U.S. Pat. No. 5,106,907 entitled “Engineering Thermoplastic with Improved Processability and Performance” of Boutni discloses a four component blend including an aromatic carbonate polymer, a styrene-acrylonitrile copolymer, a methacrylate-diene-styrene shell-core copolymer and polybutylene terephthalate “PBT”. The styrene-acrylonitrile copolymer is present in about 2% to about 15% (preferably from about 4% to 10%), from about 2% to about 20% (preferably from about 3% to about 12%) of the core-shell polymer, and from about 2% to about 50% (preferably for about 4% to about 15%) of the polybutylene terephthalate, with the remainder of the four-component blend being essentially the aromatic carbonate. The blend may be modified by the addition of additives such as clay or talc fillers, reinforcing agents such as glass fibers, impact modifiers, other resins, plasticizers, flow promoters and other processing aids, stabilizers, colorants, mold release agents, flame retardants, ultraviolet screening agents, and the like.

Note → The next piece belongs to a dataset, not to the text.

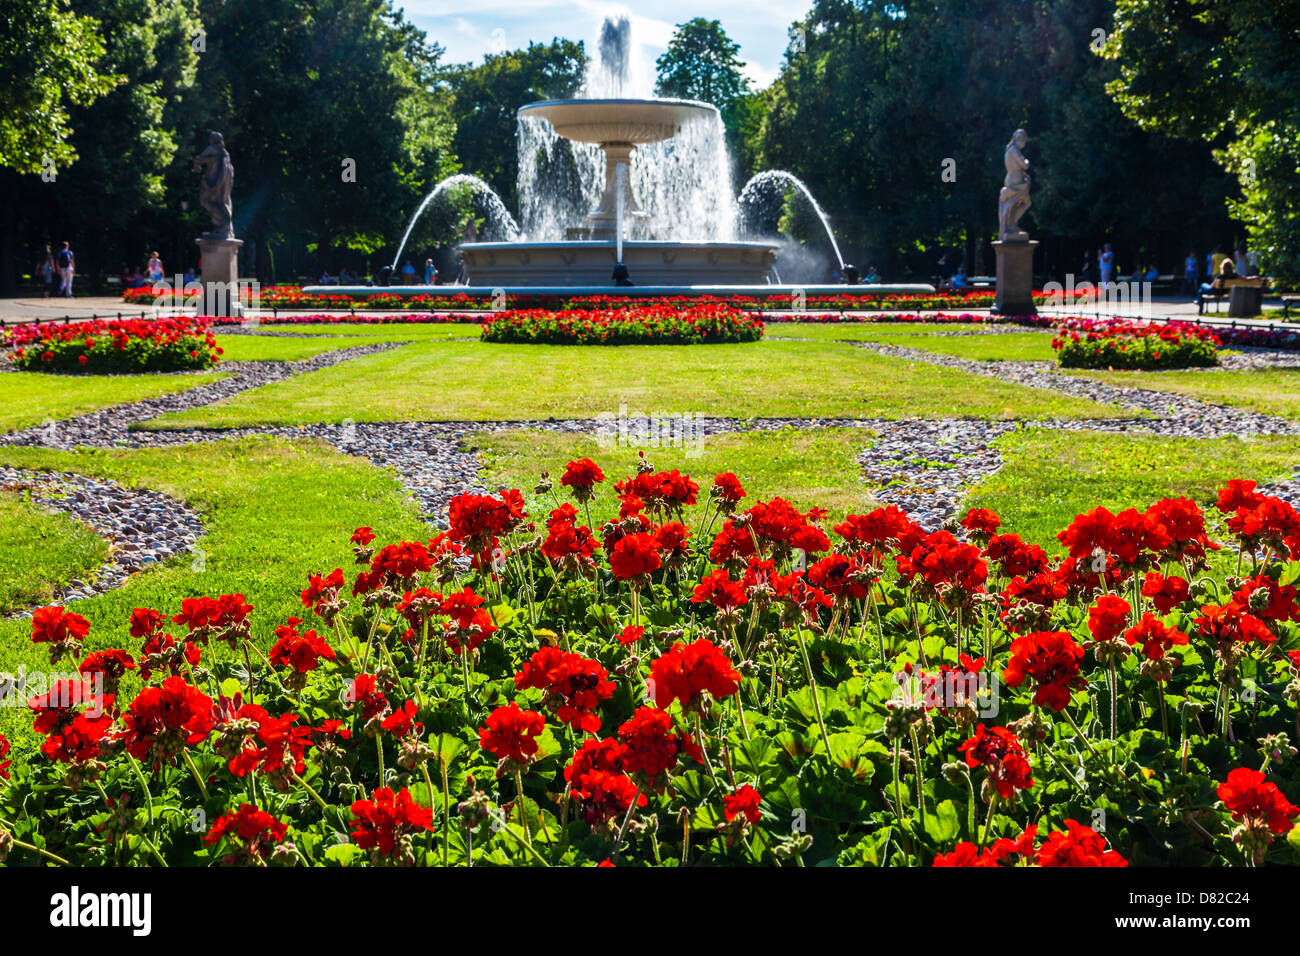 Rote Geranien vor dem Brunnen in Ogród Saski, sächsische Garten, dem ältesten öffentlichen Park in Warschau, Polen. Stockfoto

Turning more specifically to PBT reinforced resin compositions, there is taught in U.S. Pat. No. 4,900,610 to Hochberg et al. PBT molding compositions wherein the matrix resin is augmented with cyclohexane dimethanol/terephalic acid copolymer. As noted in U.S. Pat. No. 4,900,610, reinforced PBT compositions have a tendency to warp. See Col. 1, lines 29 and following.
- SUMMARY OF INVENTION
One known way to reduce warpage in PBT molding compositions is to add polycarbonate to the blend; however such compositions tend to exhibit very high melt viscosities resulting in poor mold cavity filling. Moreover, added polycarbonate tends to reduce heat resistance significantly as is seen in the example compositions described hereafter.
It has been found in accordance with the present invention that styrene-acrylonitrile copolymer significantly reduces warp exhibited by reinforced PBT compositions. The inventive compositions do not exhibit the high melt viscosities seen in PBT/polycarbonate blends and have surprisingly high deflection temperatures under load as compared with other PBT/polymer blends.
There is thus provided in accordance with the present invention a low warp, reinforced polybutylene terephthalate molding composition comprising: (a) from about 30 weight percent to about 70 weight percent of polybutylene terephthalate resin; (b) from about 10 weight percent to about 30 weight percent of a styrene-acrylonitrile copolymer; (c) from about 15 to about 60 weight percent of a reinforcing agent; and (d) optionally including one or more impact modifiers, lubricants and stabilizers. Preferably, the polybutylene terephthalate resin is present in an amount of from about 40 weight percent to about 60 weight percent and has an intrinsic viscosity of from about 0.4 to about 4.0. An intrinsic viscosity of from about 0.6 to about 1.5 is still more preferred.
Typically the styrene-acrylonitrile copolymer is present in an amount of from about 15 to about 25 weight percent and has a melt index of from about 2 g/10 min to about 10 g/10 min at 230° C./3.8 kg. A melt index of from about 2 g/10 min to about 9 g/10 min at 230° C./3.8 kg is more preferred, while a melt index of from about 3 g/10 min to about 3.5 g/10 min at 230° C./3.8 kg is still more preferred.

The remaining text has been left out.